砂原良徳のキャリア初となる、映画『ノーボーイズ、ノークライ』(公開:2009年夏/主演:妻夫木聡、ハ・ジョンウ)のオリジナル・サウンドトラック。 (C)RS
JMD(2010/06/14)
その優美なフォルムで世界的な評価を獲得した「LOVEBEAT」(2001年)以来のオリジナル作品となる「No Boys, No Cry Original Sound Track」(※映画『ノーボーイズ、ノークライ』オリジナルサウンドトラック)です。ラストに収録の、iLLによる同映画の主題歌「Deadly Lovely」も砂原良徳のプロデュースとなります。キャリア初のサウンドトラックという事もあり、映画の各シーンを見ながら丹念に制作したというその内容に注目が集まります。
タワーレコード
傑作『LOVEBEAT』より8年ぶりとなる新作は、映画のサウンドトラック。アブストラクトな電子音響、コンボ風の生楽器をシミュレートしたもの、80年代の細野晴臣の映画音楽のようなトラック─小曲が中心であるが、どれも精緻に組み立てられていて無駄が無い。シンプルかつミクロスコピック、クリアーな解像度の音の粒子や残響が包み込むようで心地良い。シネマティックであり90年代のリスニング・テクノのようなエレクトロニック・ミュージックとしても楽しめるサウンド。
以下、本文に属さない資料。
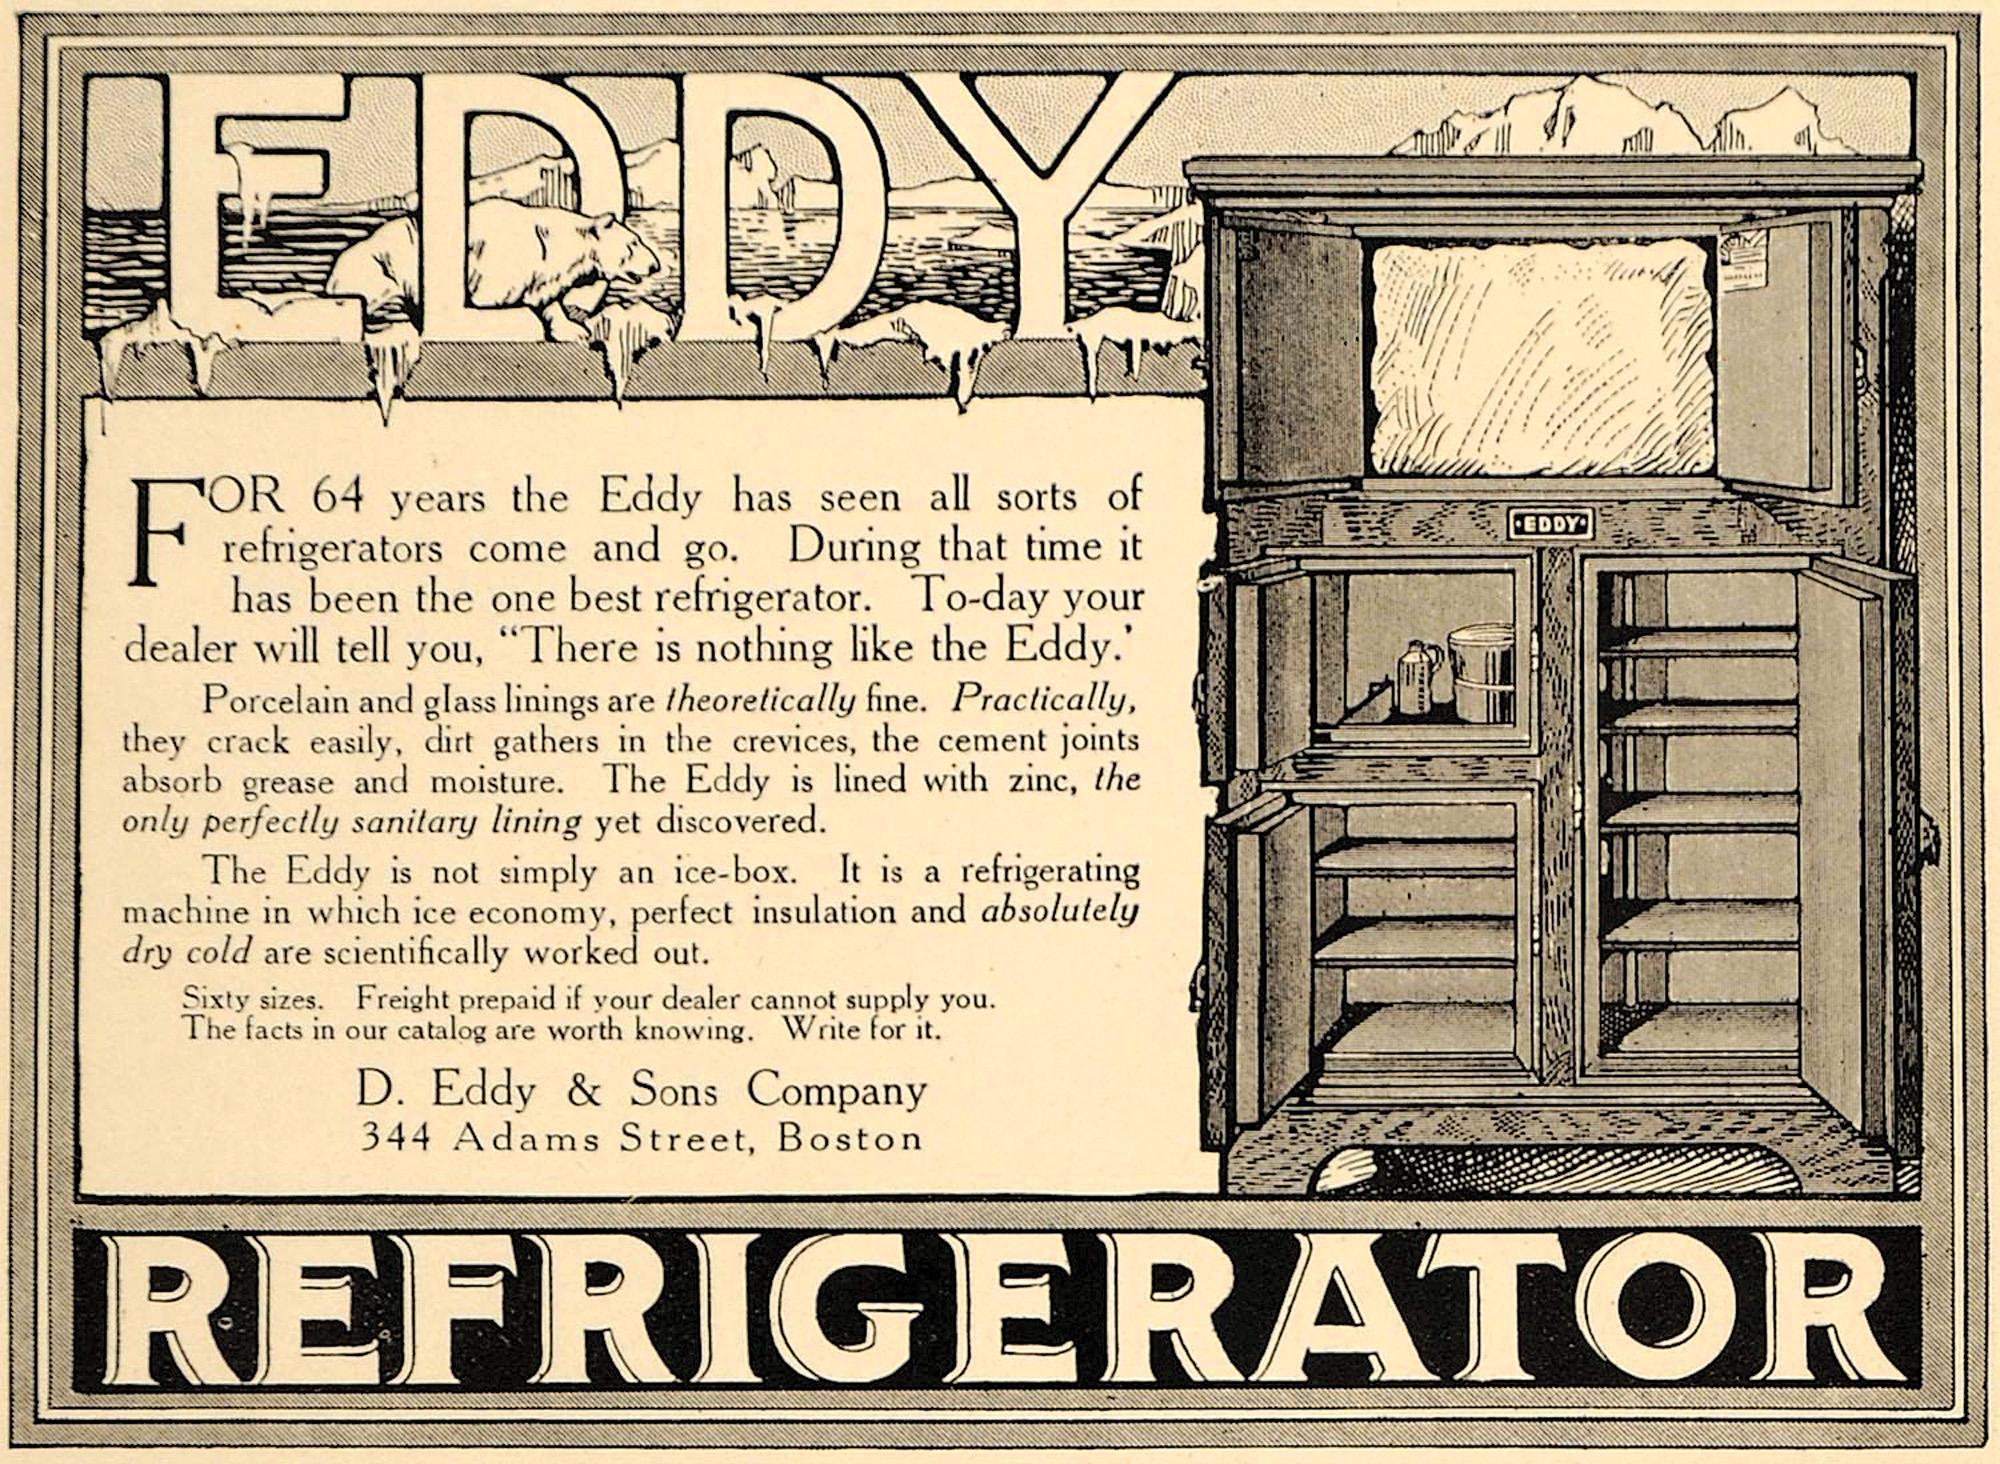 Eddy Refrigerator ad
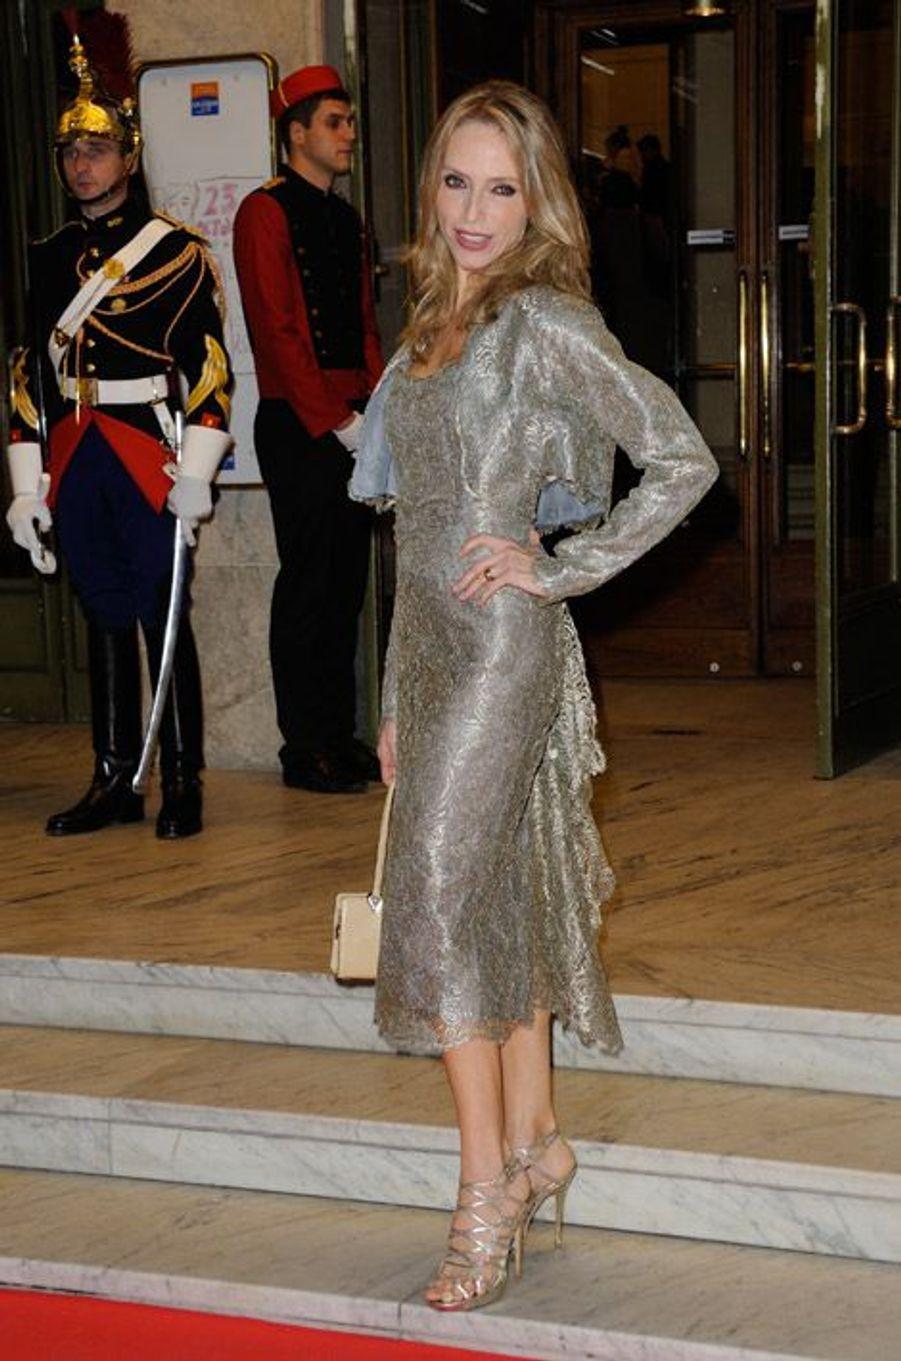 Tonya Kinzinger, favorite de Danse avec les stars 5, 46 ans, lors du Gala de l'espoir pour la lutte contre le cancer à Paris, le 23 octobre 2014

センシティヴながら強度の高い優美さは魅惑的だ。
intoxicate (C)水上渉
タワーレコード(vol.81(2009年08月20日発行号)掲載)
8年ぶりのオリジナル作品は、映画「ノーボーイズ、ノークライ」のサントラ。映像と結び付くことで完成するような、アブストラクトな楽曲が多くを占めるなか、“Sunset Blue”のエレガントなハーモニーや“Transport”のミニマムな構築美などに、彼の作品を貫く強烈な個性が見て取れる。また、生楽器系のシンセ・サウンドを主軸にしたハイファイな音像が何とも新鮮だ。iLLが歌うダンサブルな映画主題歌も収録。